*** Data Section Begins ***

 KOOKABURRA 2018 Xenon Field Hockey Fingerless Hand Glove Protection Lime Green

*** Data Section Ends ***
*** Data Section Begins ***

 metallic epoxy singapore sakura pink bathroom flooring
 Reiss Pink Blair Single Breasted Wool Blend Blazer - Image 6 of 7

*** Data Section Ends ***

Required action -> Look above for the line containing "metallic epoxy singapore". Output from there through the line containing "Reiss Pink Blair", exactly and inclusively.

Response to this task ->
 metallic epoxy singapore sakura pink bathroom flooring
 Reiss Pink Blair Single Breasted Wool Blend Blazer - Image 6 of 7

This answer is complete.